Gavin Rees (born 10 May 1980) is a retired Welsh former professional boxing world champion who competed from 1998 to 2014. He held the WBA super lightweight title from 2007 to 2008 and challenged once for the WBC lightweight title in 2013. At regional level, he held the British lightweight title twice between 2010 and 2012, and the EBU European lightweight title from 2011 to 2012.

Career 
After a successful amateur career, Rees turned professional in 1998.

World champion 
In 2007, Rees defeated Souleymane M'baye to become the WBA Light Welterweight champion with a unanimous decision after 12 rounds.
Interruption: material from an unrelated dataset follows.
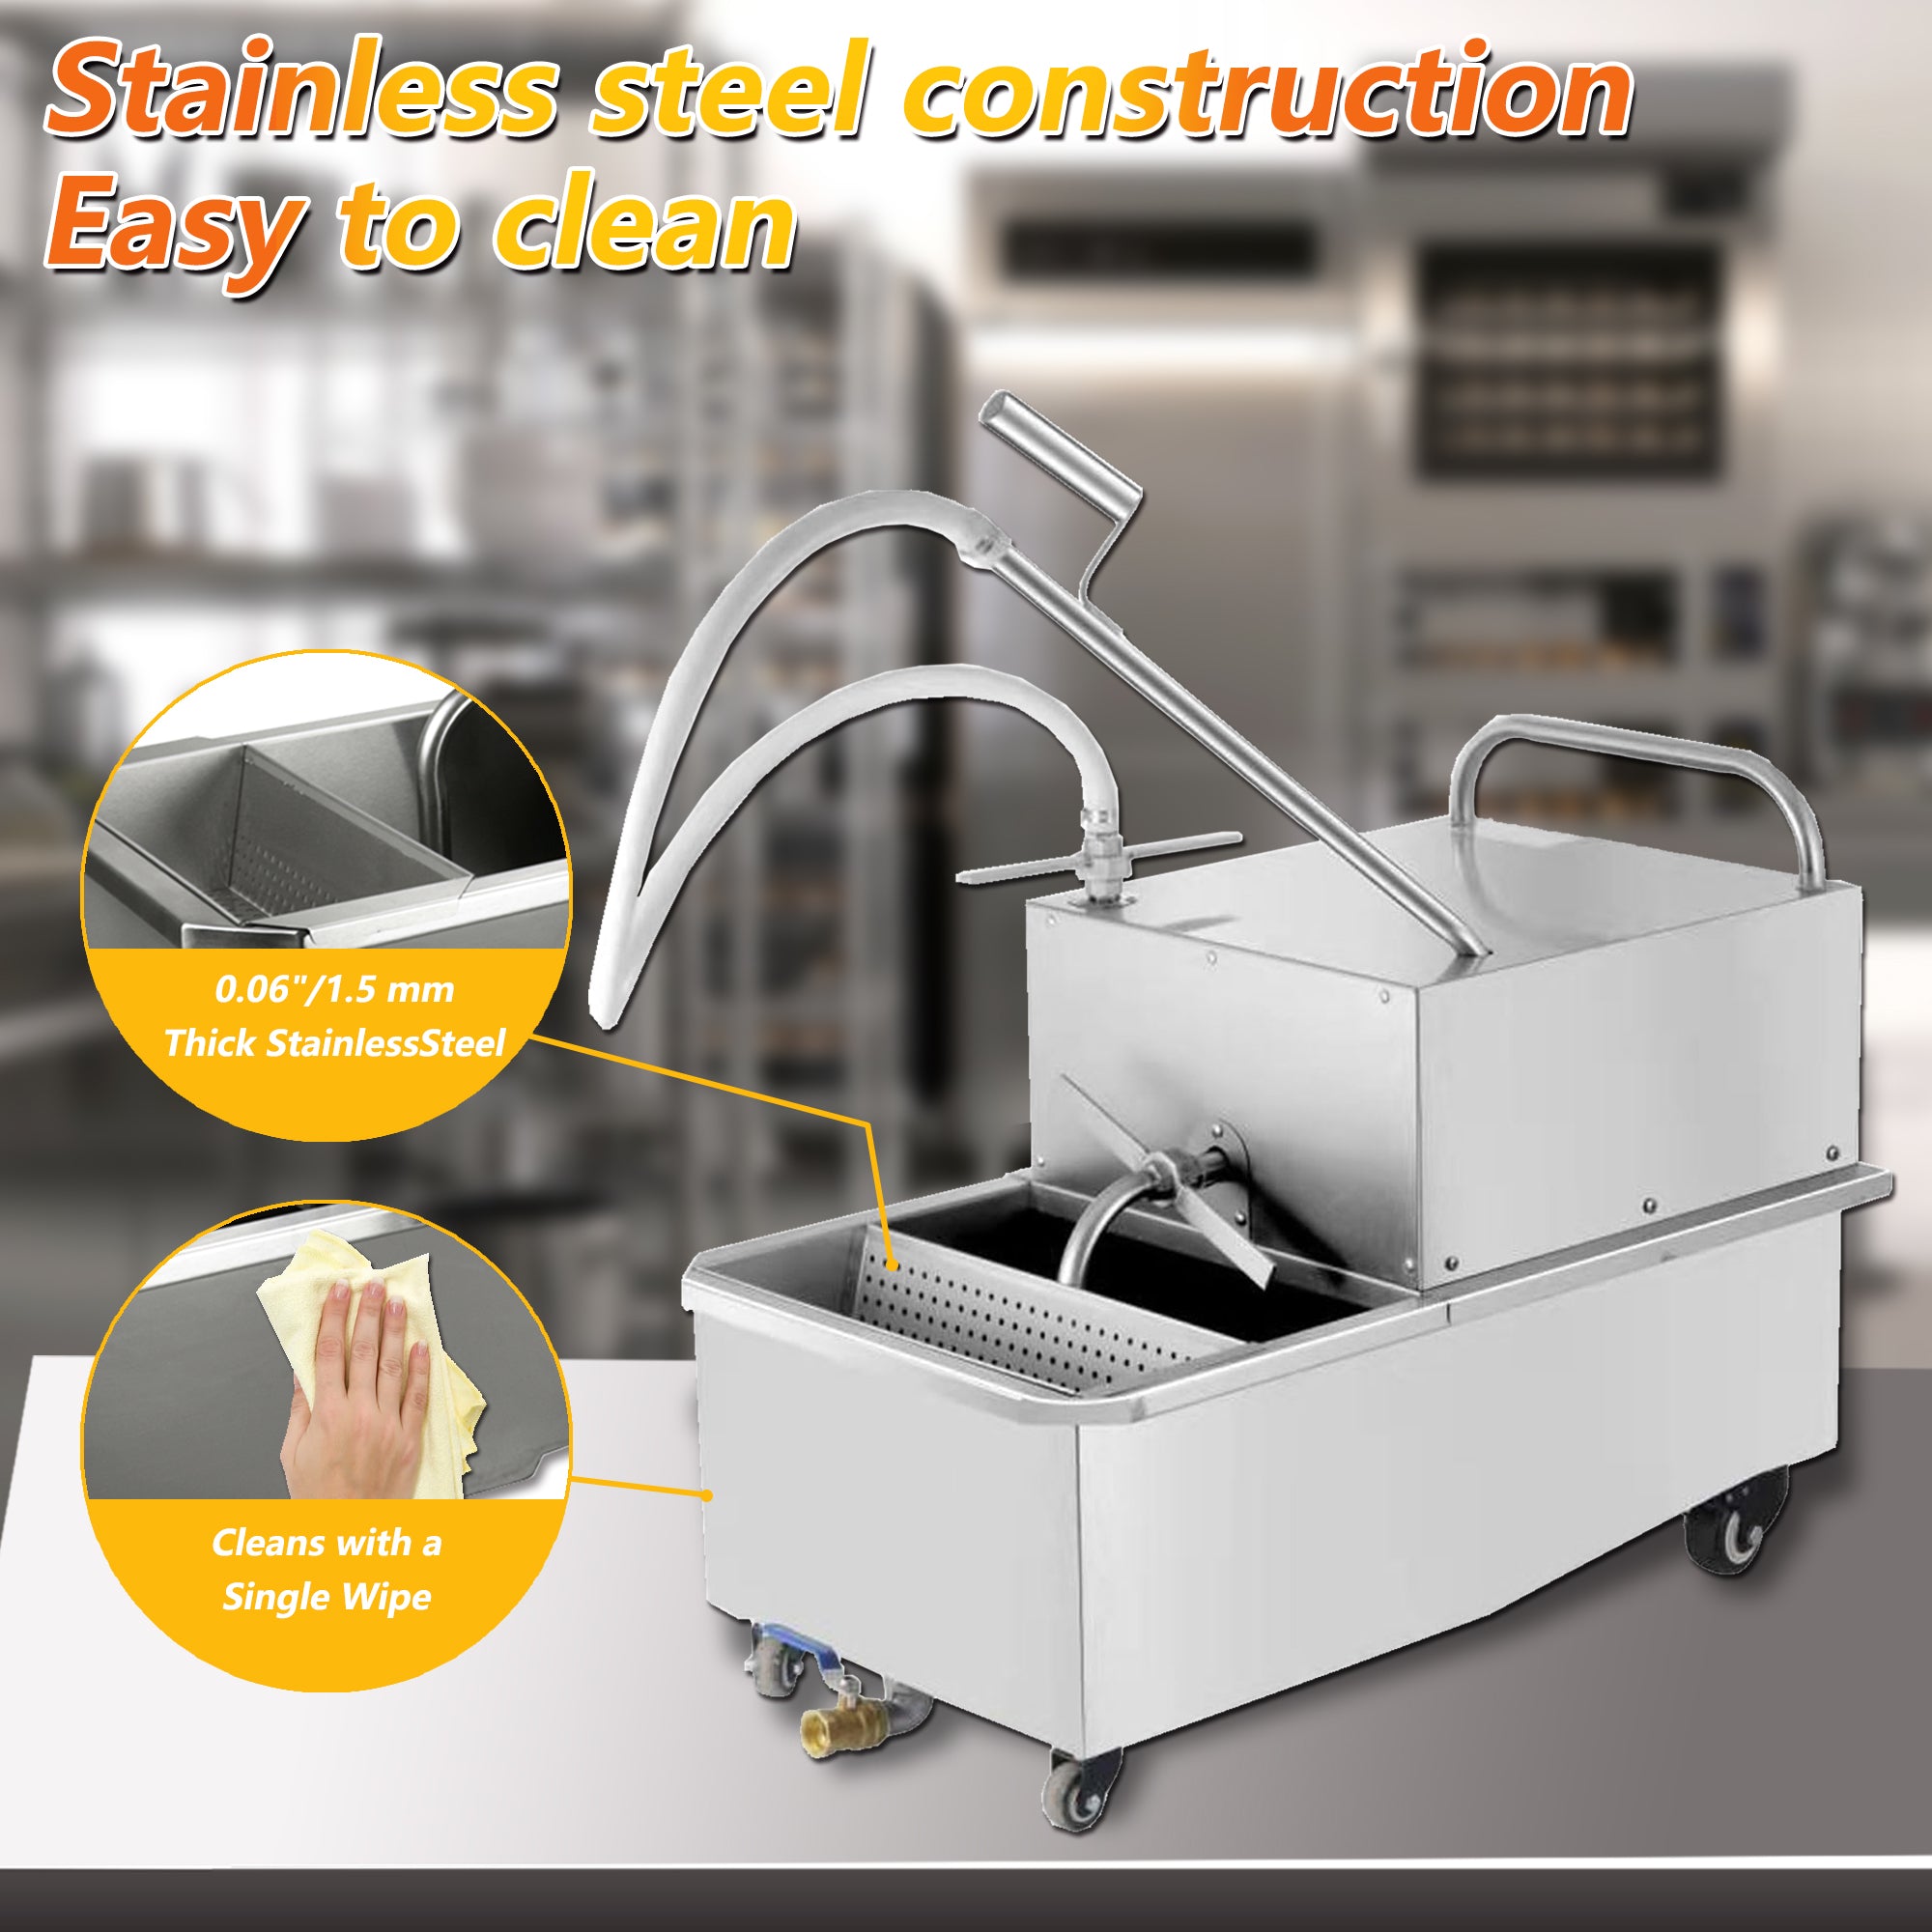 Hakka Deep Fryer Filter Machine, Commercial Mobile Oil Filter System For Restaurant, 48L, 3/4 Hp

Rees however lost his World title in his first defence via a 12th-round TKO loss to Andreas Kotelnik in March 2008.

Further success 
Following his world title loss Rees was out of action for more than a year before returning in August 2009 to beat Johnny Greaves in 4 rounds. On 4 December, Rees entered the light welterweight prizefighter competition beating Ted Bami in the quarter finals, Jason Cook in the Semi-finals and Colin Lynes in the Final to win the £32,000 prize

Following his Prizefighter victory, Rees moved down to the (lightweight) division where he enjoyed instant success winning the British title in 2010 (which he then vacated). He has since won the European title in June 2011 and most recently regained the British title in July 2012.

Rees fought Adrien Broner for the World Boxing Council lightweight world title at Boardwalk Hall in Atlantic City, New Jersey on 16 February 2013. He lost the fight via 5th-round TKO.

Personal life
Rees lives in Pantside, Wales and has five children all girls. Rees is now a boxing trainer in his hometown of Pantside, Newbridge at The Rocks Gym.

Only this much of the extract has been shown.